Remarkably, 99.9% of scenarios stay below the UBA (German Federal Environmental Agency) 2017 budget^16^, and 94% stay below the Climate Action Law’s threshold^17^. These studies use a broader scope compared to our focus on the electricity sector only. According to the German Federal Environment Agency, electricity production contributed 223 Mt to the 642 Mt of emission of the energy sector in 2022^18^. Note that annual budgets in climate research decrease over time compared to the year of study, since emissions in elapsed years so far did not fall as expected. If the Contraction and Convergence (C&C) approach is applied to achieve the net-zero emission goal until 2050, the German carbon budget in the electricity sector in 2030 is limited to 43.2 Mt^19^. The C&C approach first aligns the national emission per capita globally until 2035 and then reduces the global emissions to achieve net-zero in 2050. This can only be achieved by 36% of all scenarios.

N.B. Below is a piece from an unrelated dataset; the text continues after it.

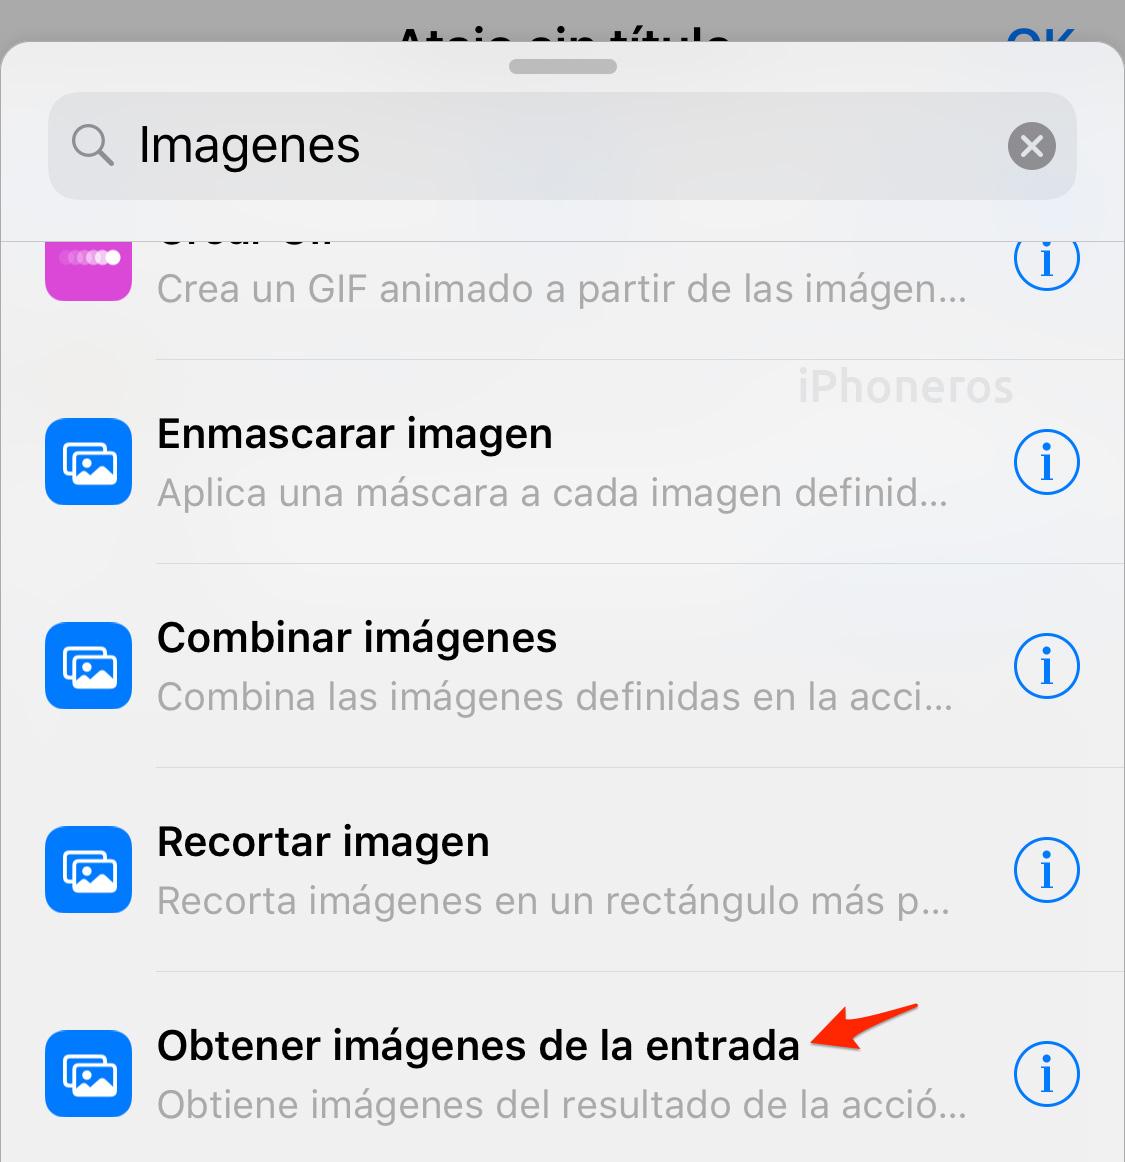 Atajos de Siri: Obtener imágenes

Second, for energy scenario analysis, capacities of power generating technologies are one main result. In Fig. 3, we present the differences in expanded generation capacities, if only one method choice (I.)-(V.) is switched, while all others are kept constant. Differences in method choices are calculated against the benchmark scenarios, i.e., the grey group in Fig. 2. This group is considered a benchmark because the attribute set of these scenarios — uniform distribution of inputs, brownfield approach, medium sized grid resolution, 24 weather years, no grid outage — resembles a robust combination of modeling choices the most.Fig. 3. Mean capacity differences for different methodological choices compared to reference case.The reference case (E6) consists of a uniform distribution, medium-size instance, brownfield optimization, 24 weather years, and no network unavailability. The capacity differences are shown for model instances where only the mentioned methodological choice differs from the reference case. A normal instead of a uniform distribution for the parameter sampling results in significantly lower total capacities. The impact of the spatial resolution is comparatively small. A greenfield optimization results in more expansion of closed-cycle gas turbines, photovoltaics and lithium-ion batteries. Wind power plants are expanded to a lower extent. Considering only one weather year might result in an undersized energy system. Network unavailability results in more decentral power generation.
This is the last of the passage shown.